BRIEF: Return all of the data exactly, with nothing left out but the pictures.

DATASET EXTRACT:
------------------------

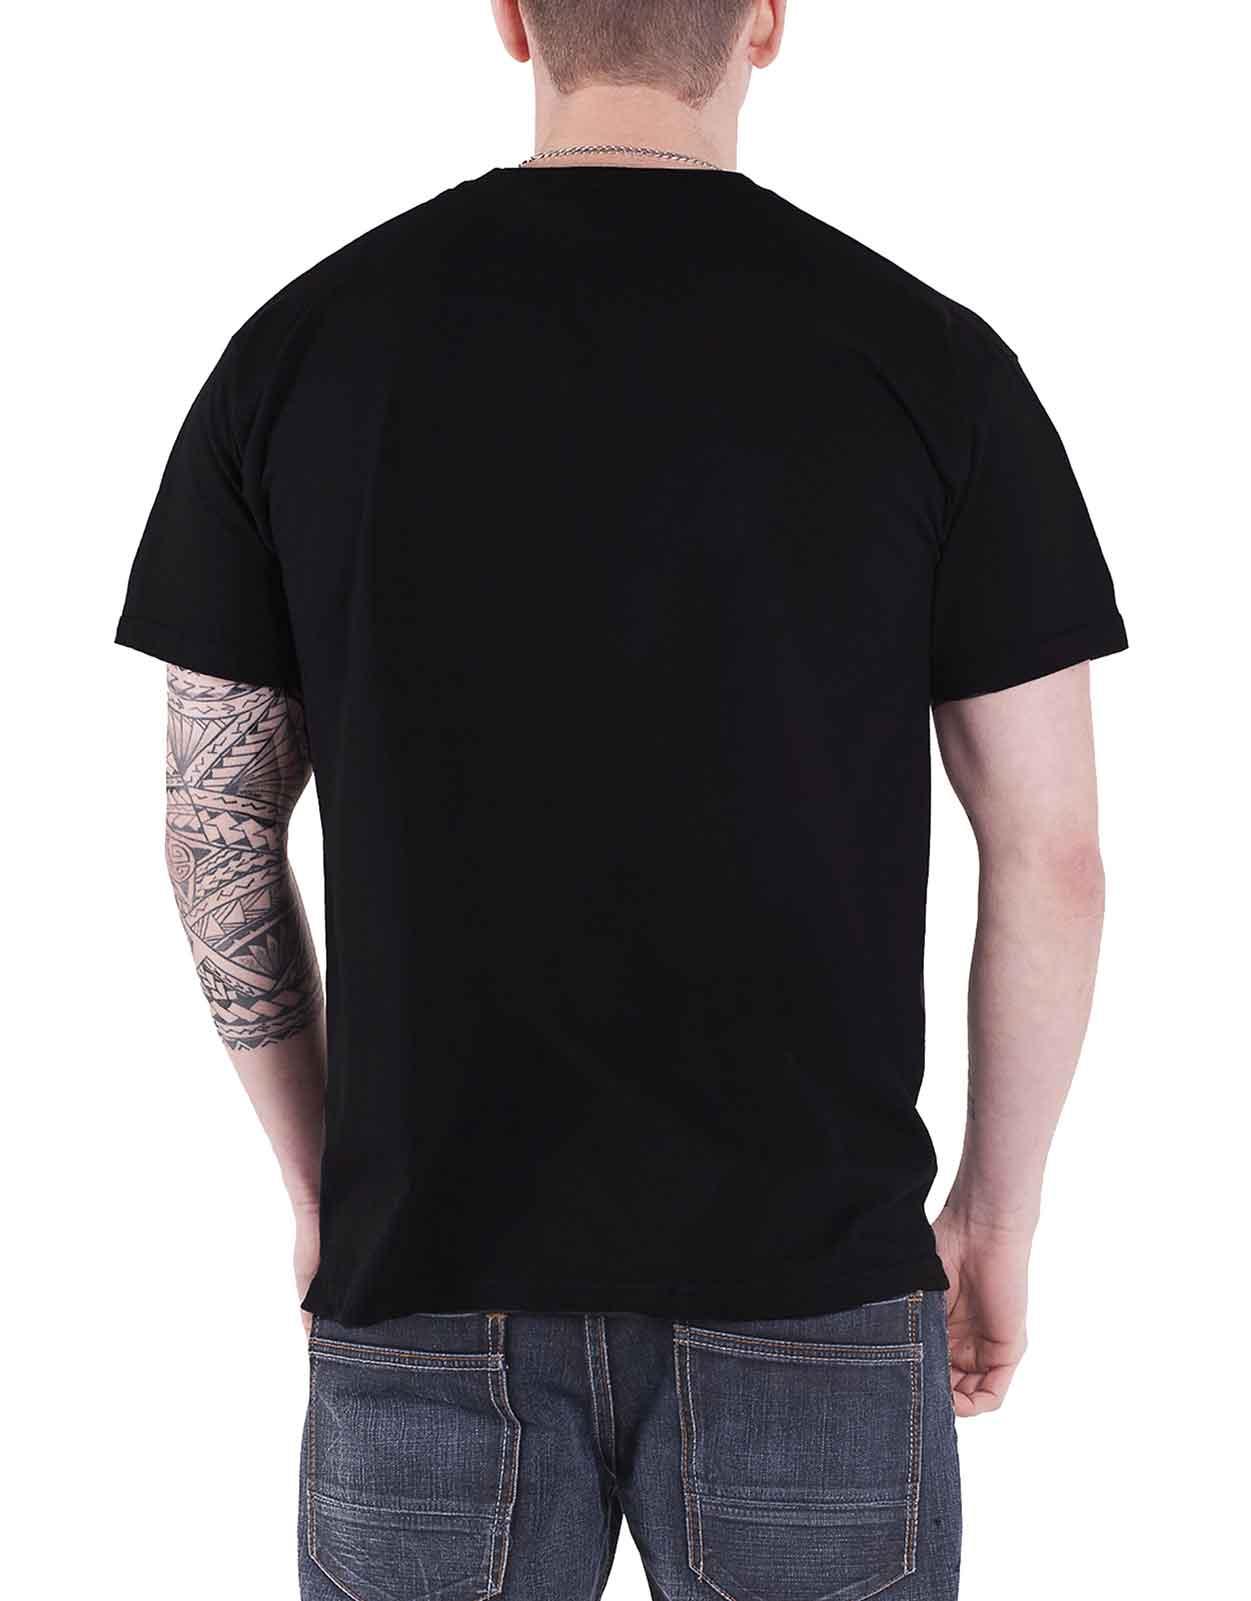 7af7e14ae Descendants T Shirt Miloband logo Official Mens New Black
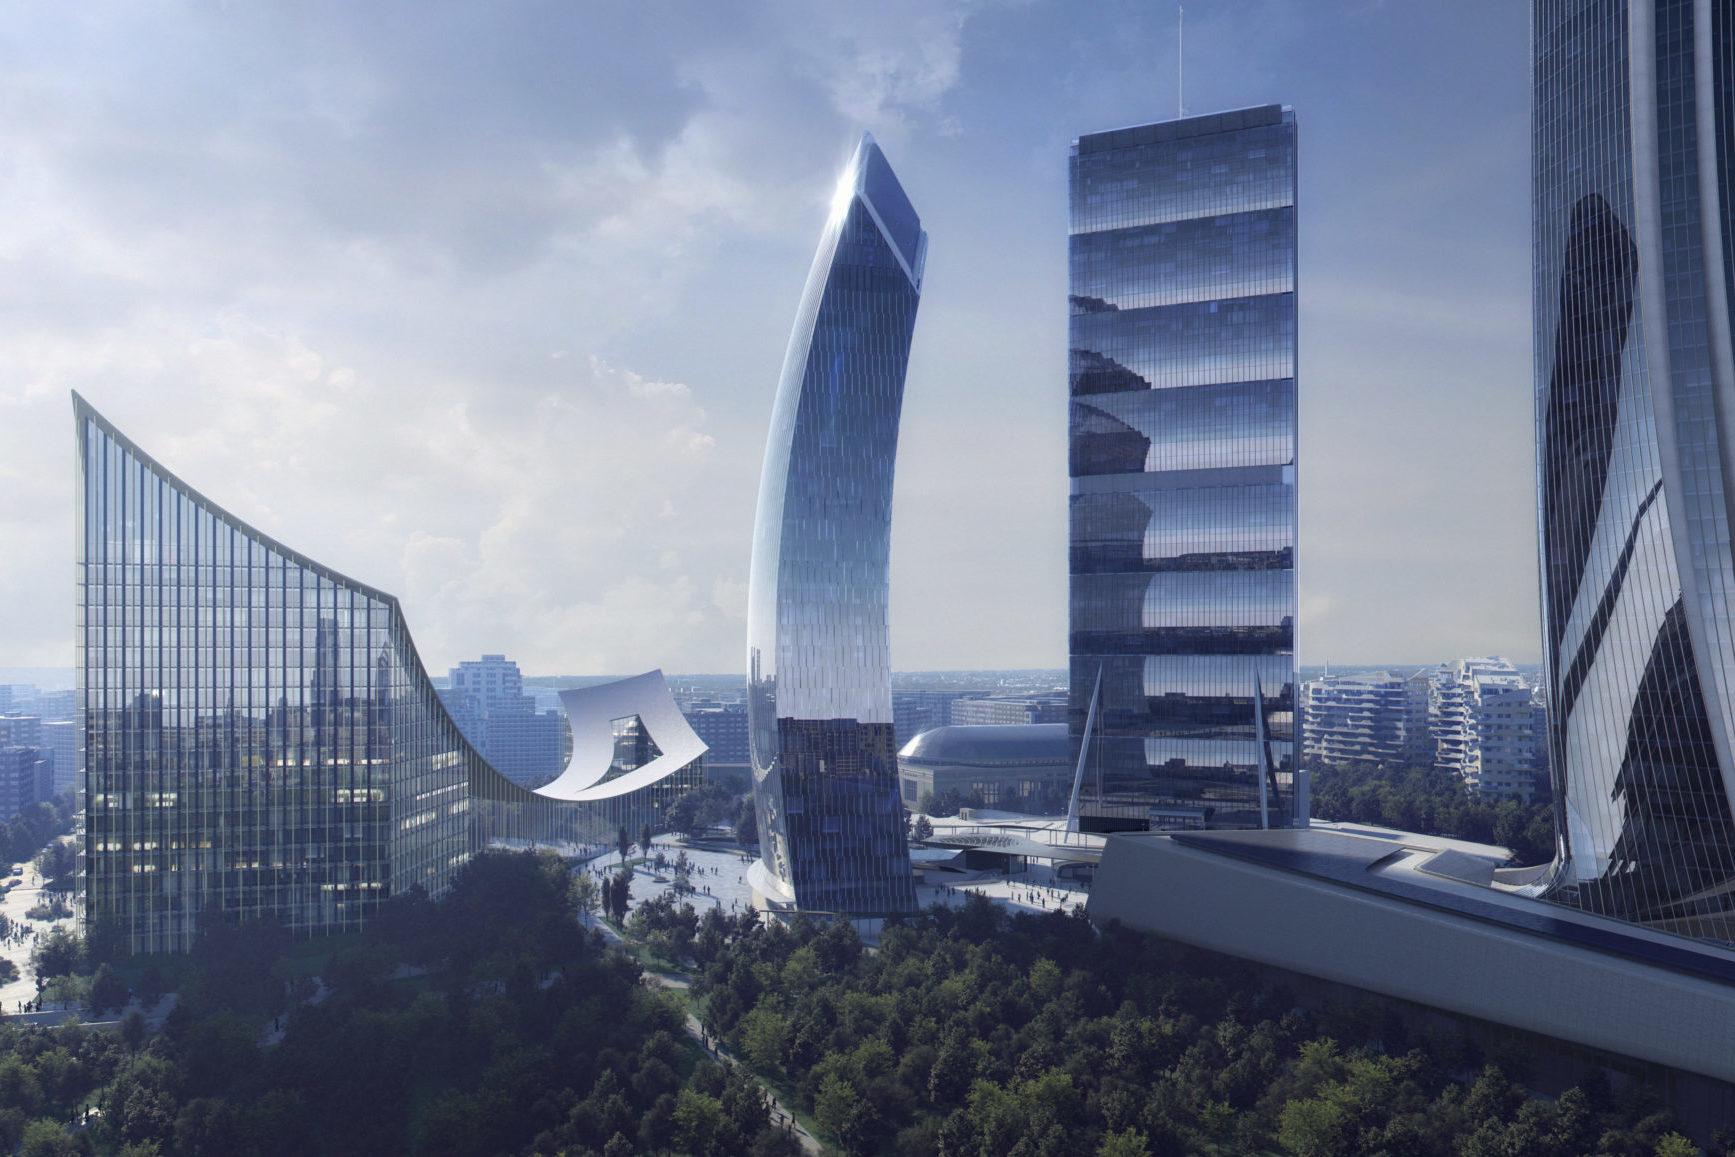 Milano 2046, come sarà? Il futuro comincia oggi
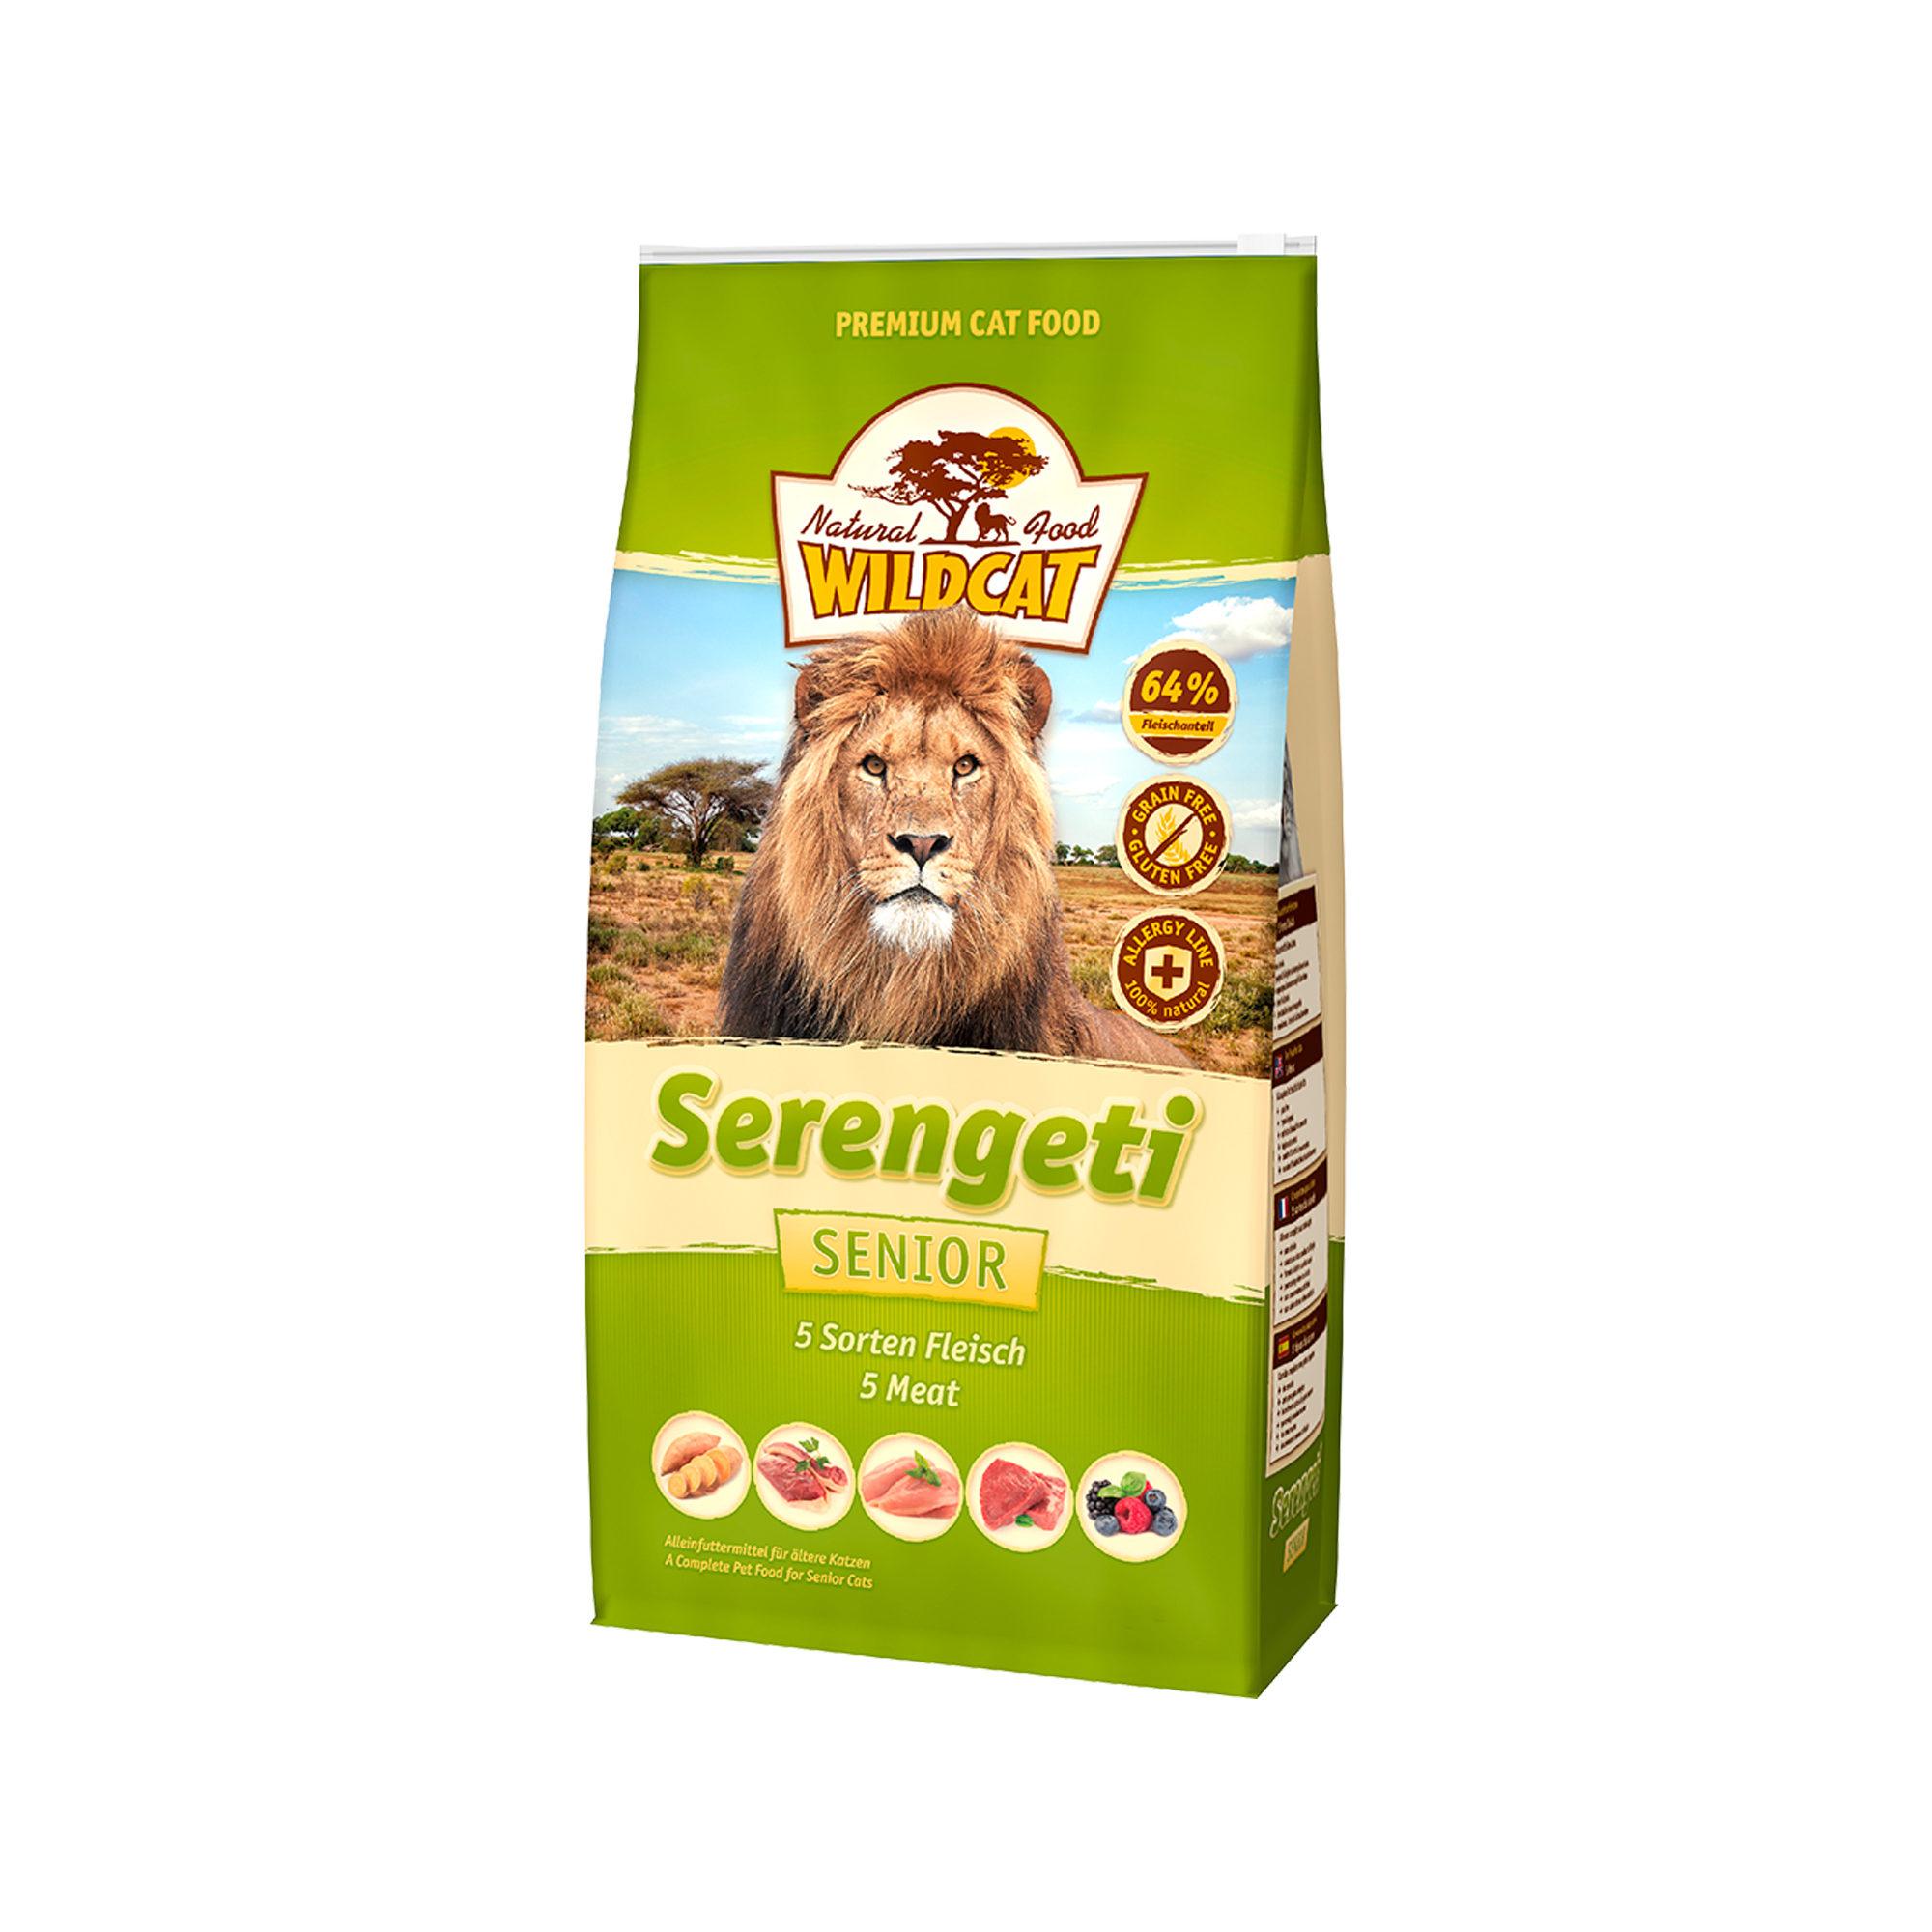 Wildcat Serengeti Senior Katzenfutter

------------------------

WRITTEN RESPONSE:
 7af7e14ae Descendants T Shirt Miloband logo Official Mens New Black
 Milano 2046, come sarà? Il futuro comincia oggi
 Wildcat Serengeti Senior Katzenfutter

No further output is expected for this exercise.